[EXERCISE AIM]: For this exercise, retype all the data exactly and exclude every image.

Start of THE DATA

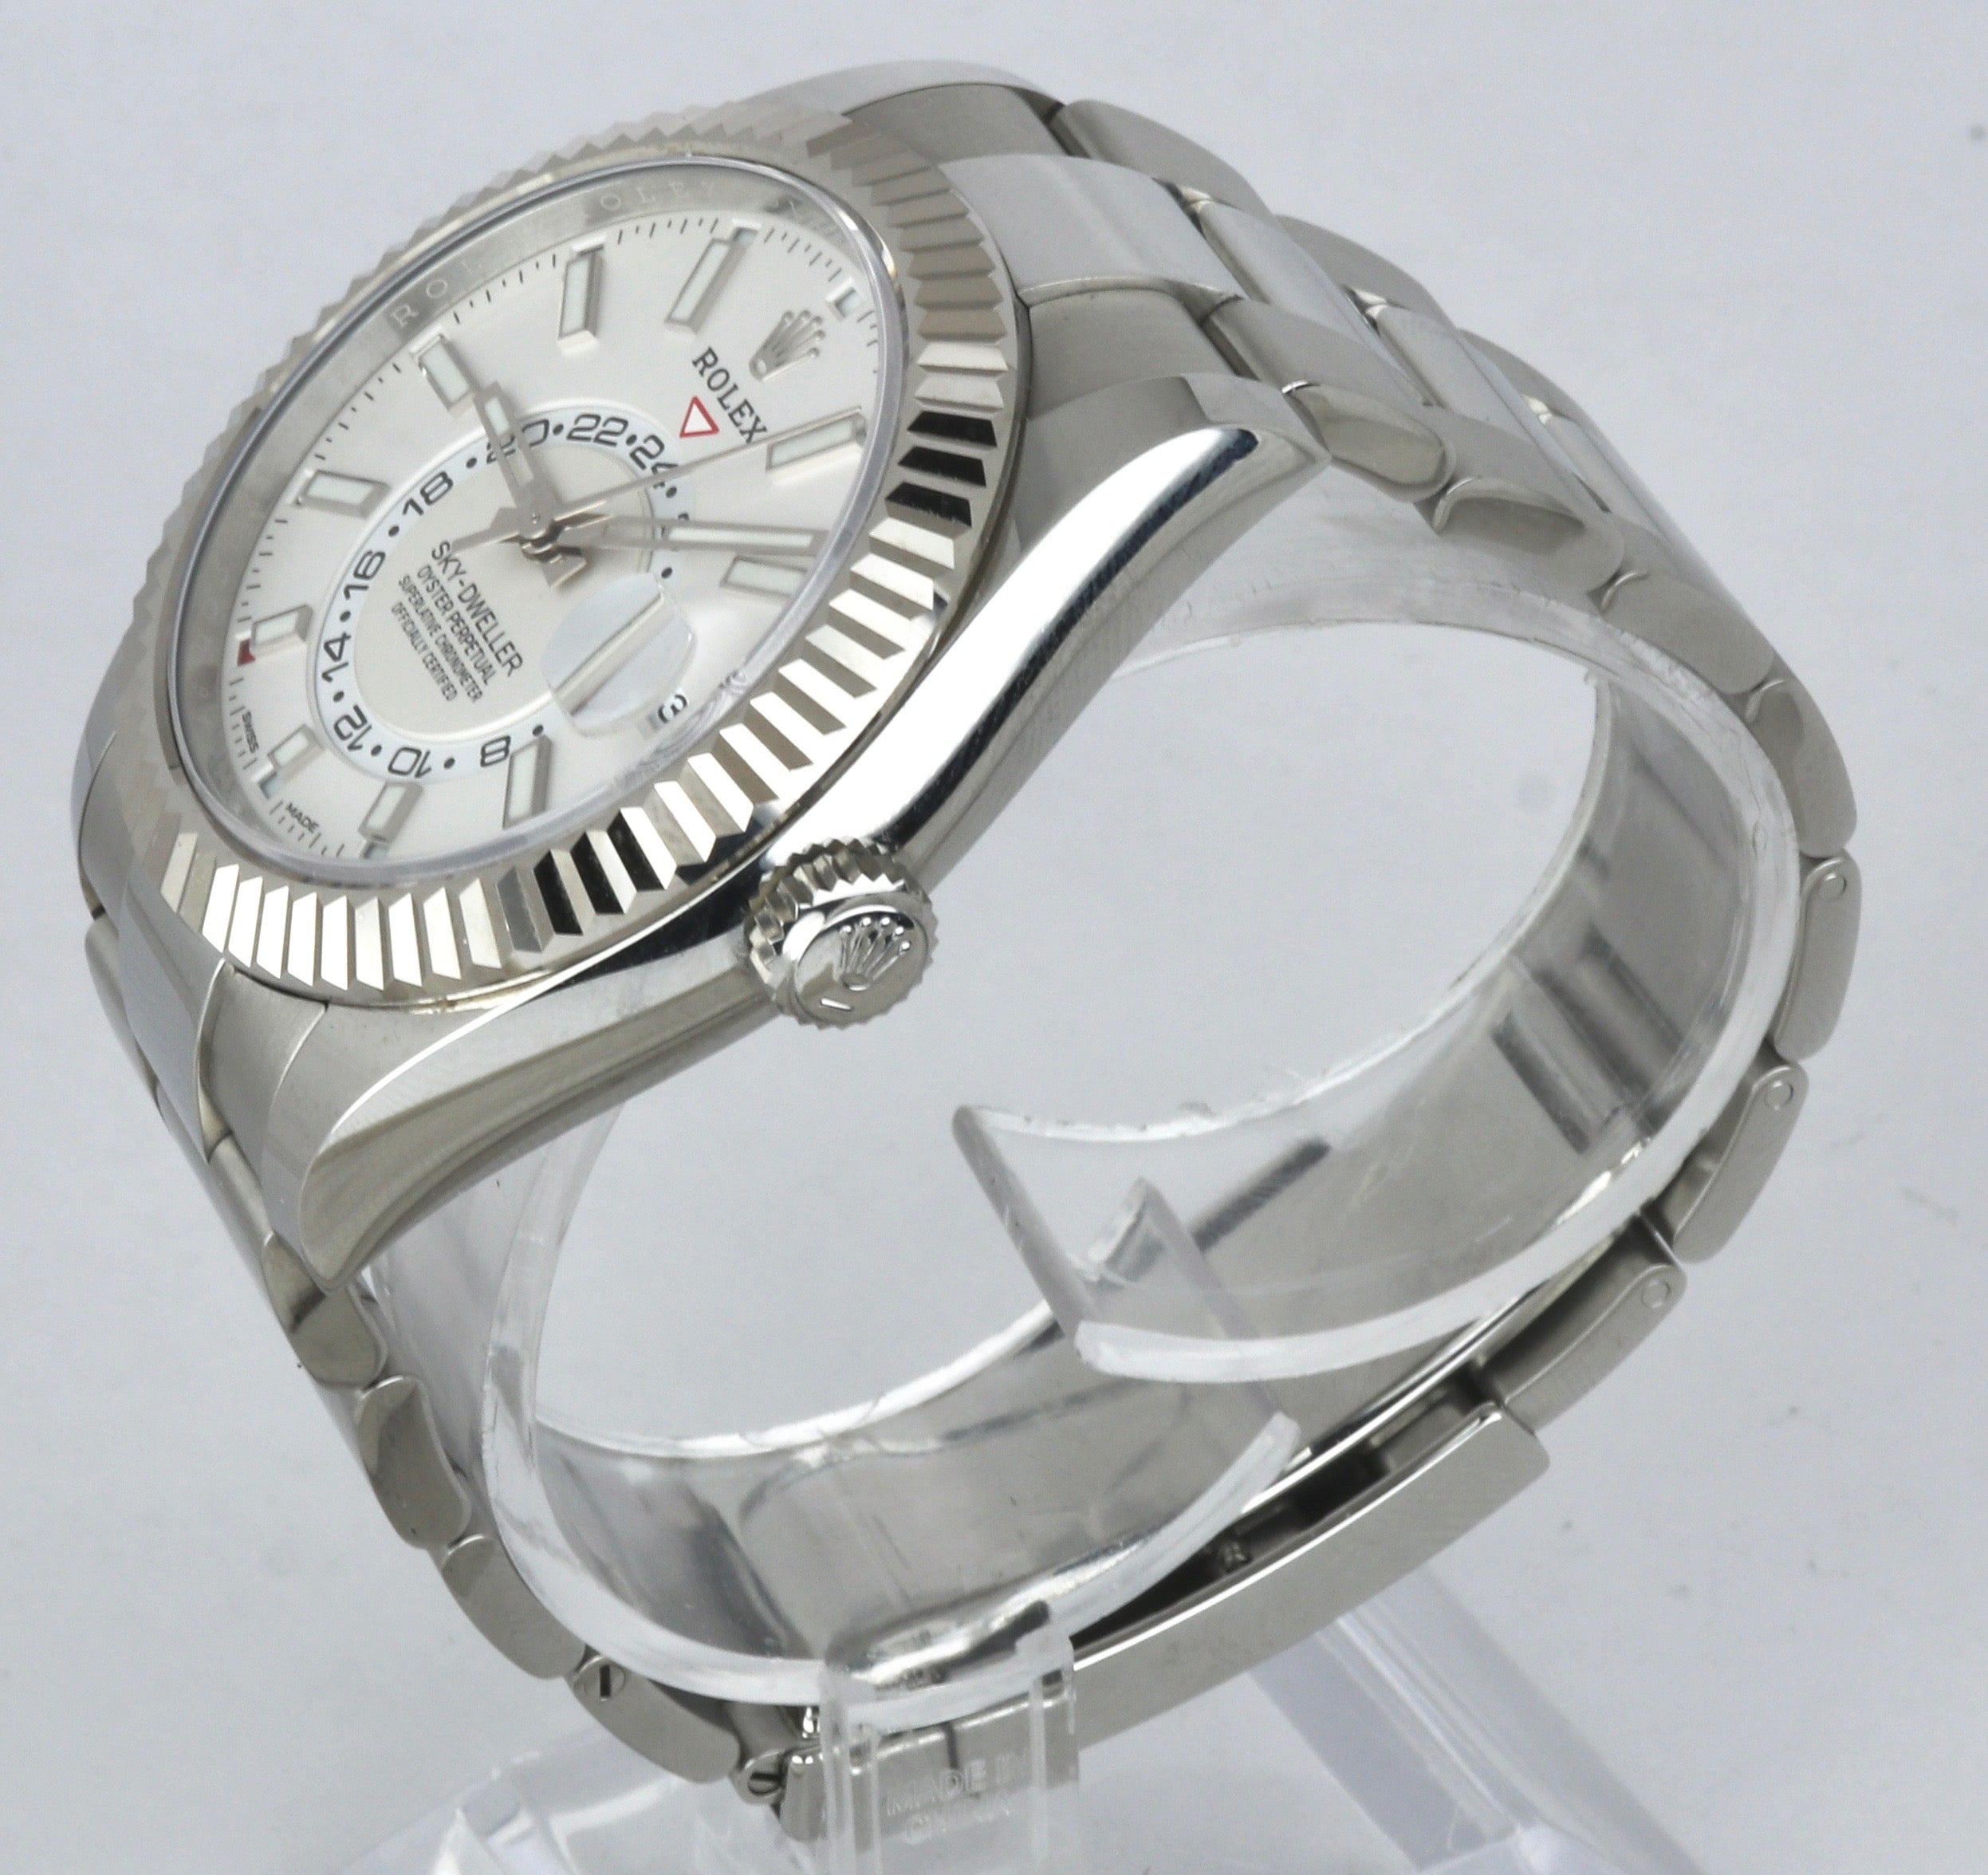 DEC 2019 Rolex Sky-Dweller Stainless 18K White Gold Silver 326934 42mm Watch
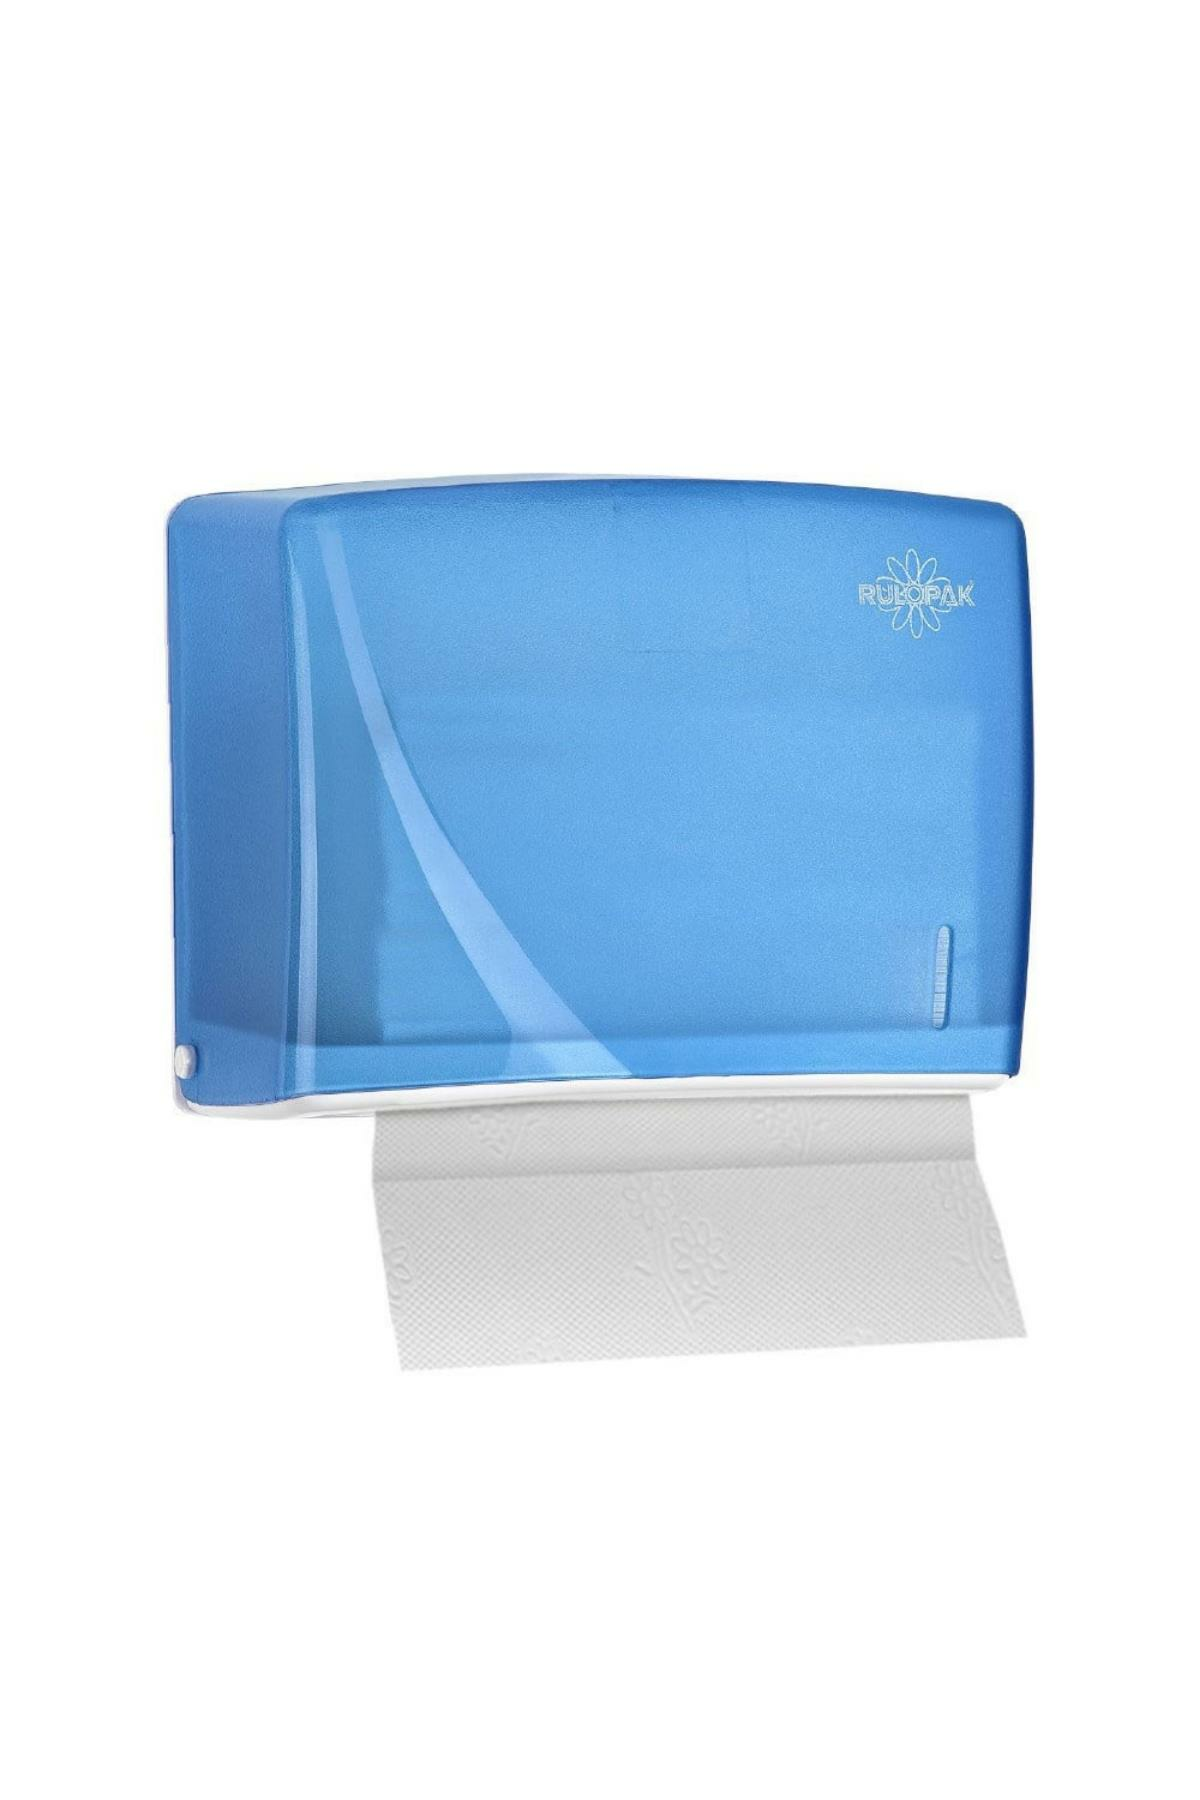 Rulopak Modern C-V Katlama Kağıt Havlu Dispenseri 200'Lü Transparan Mavi
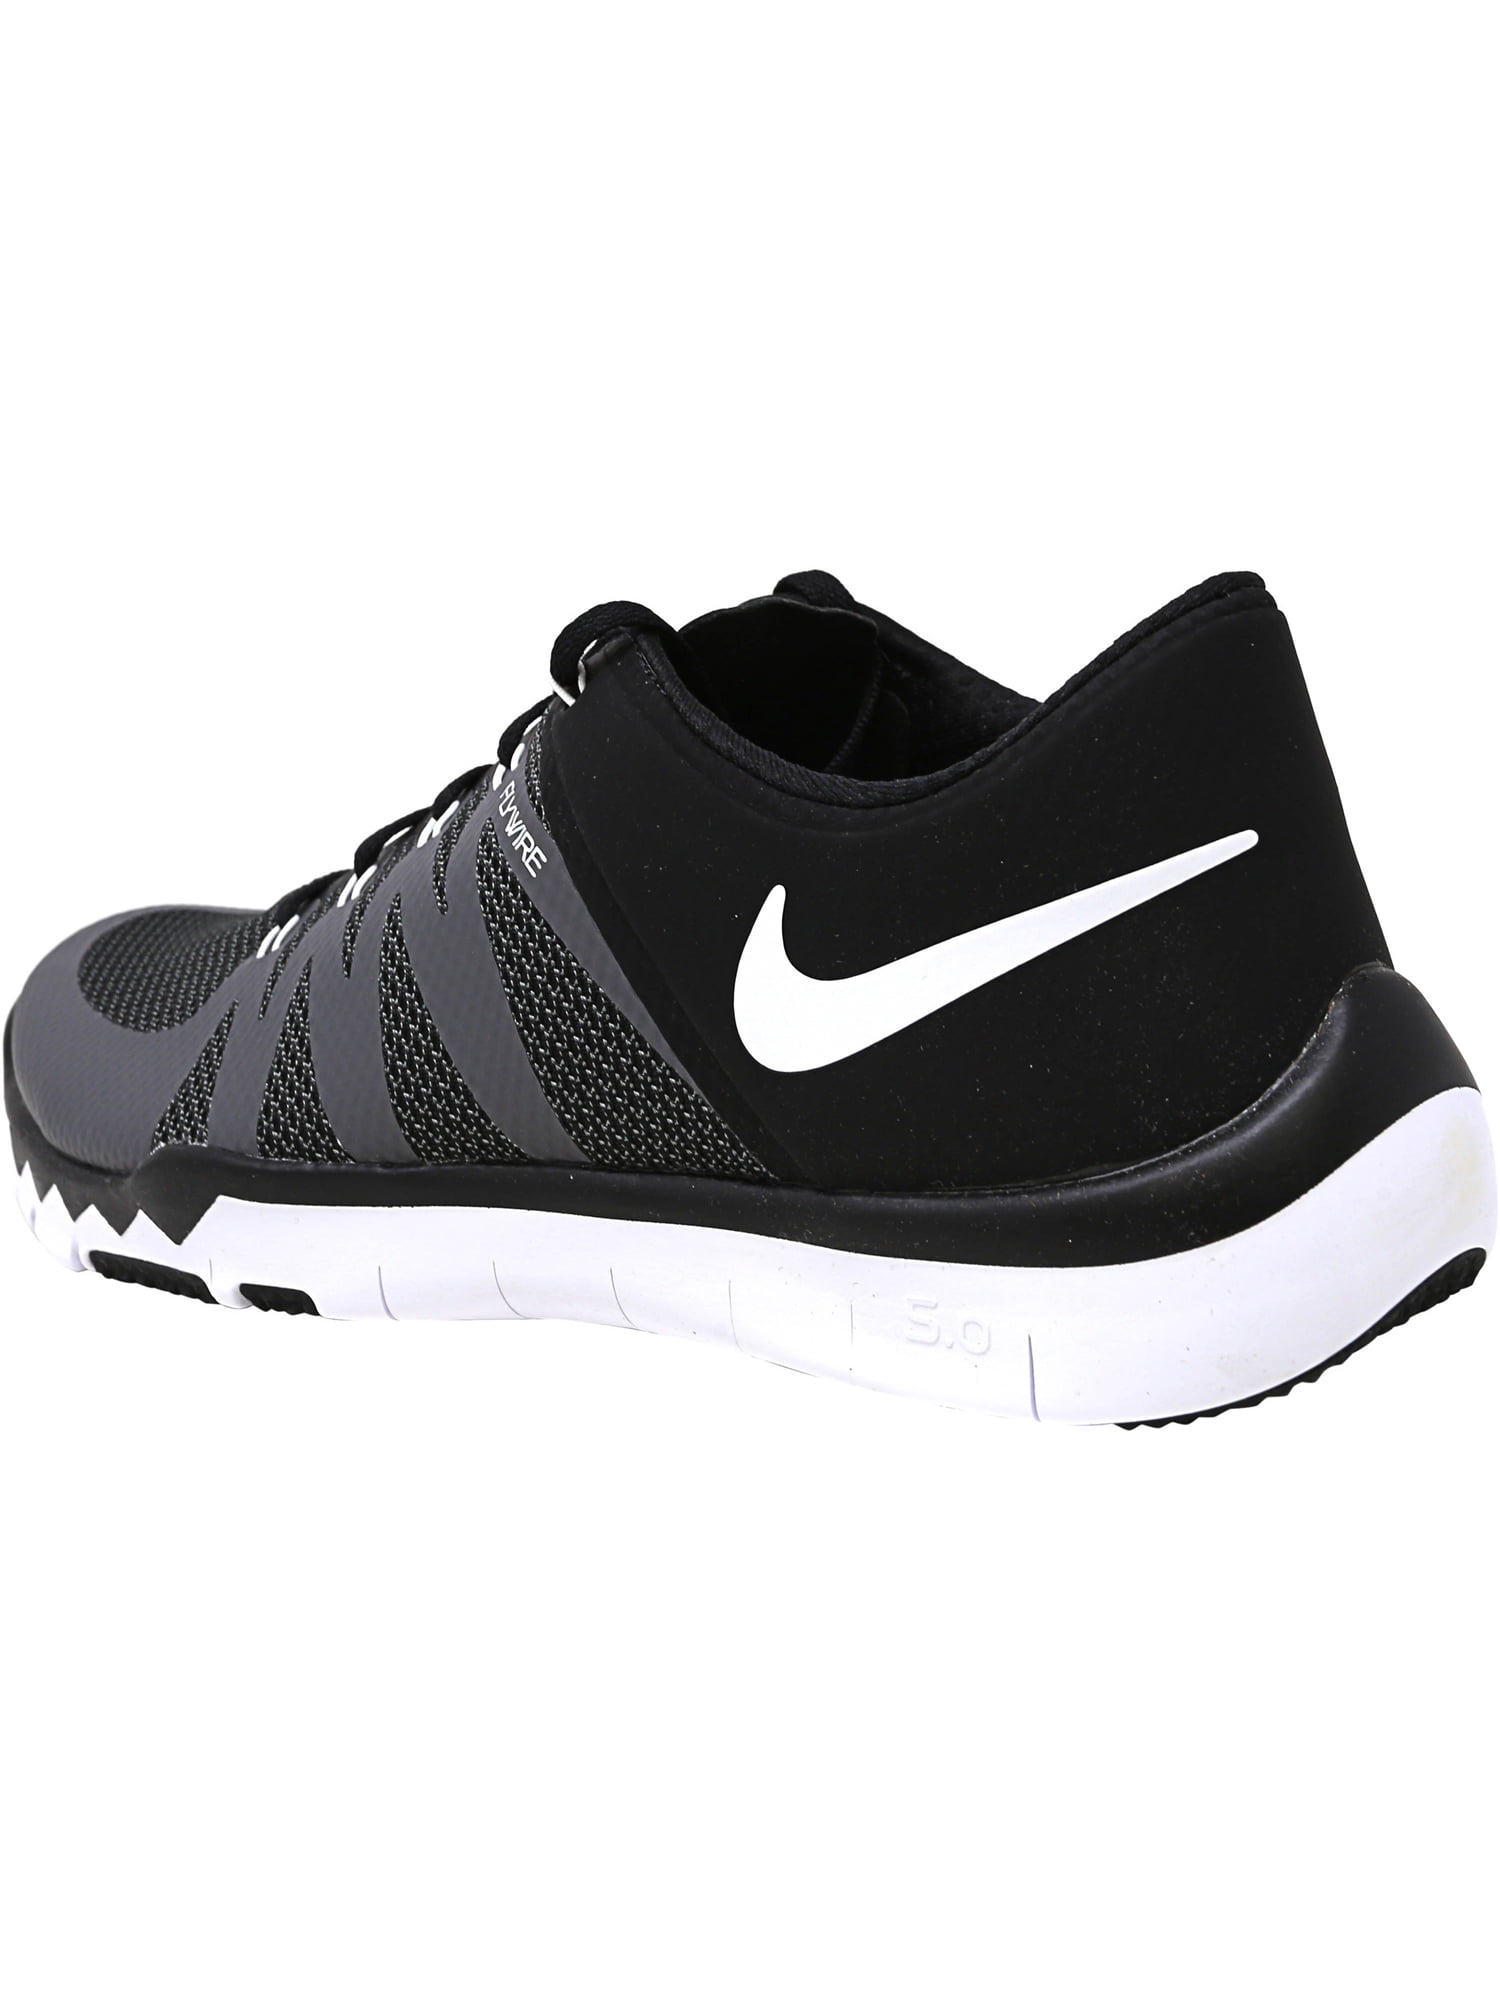 Contract spijsvertering Vakantie Nike Men's Free Trainer 5.0 V6 Game Royal / Volt - Obsidian Ankle-High Cross  Shoe 13M - Walmart.com

End of THE DATA

[RESPONSE AREA]:
 DEC 2019 Rolex Sky-Dweller Stainless 18K White Gold Silver 326934 42mm Watch
 Rulopak Modern C-V Katlama Kağıt Havlu Dispenseri 200'Lü Transparan Mavi
 Contract spijsvertering Vakantie Nike Men's Free Trainer 5.0 V6 Game Royal / Volt - Obsidian Ankle-High Cross  Shoe 13M - Walmart.com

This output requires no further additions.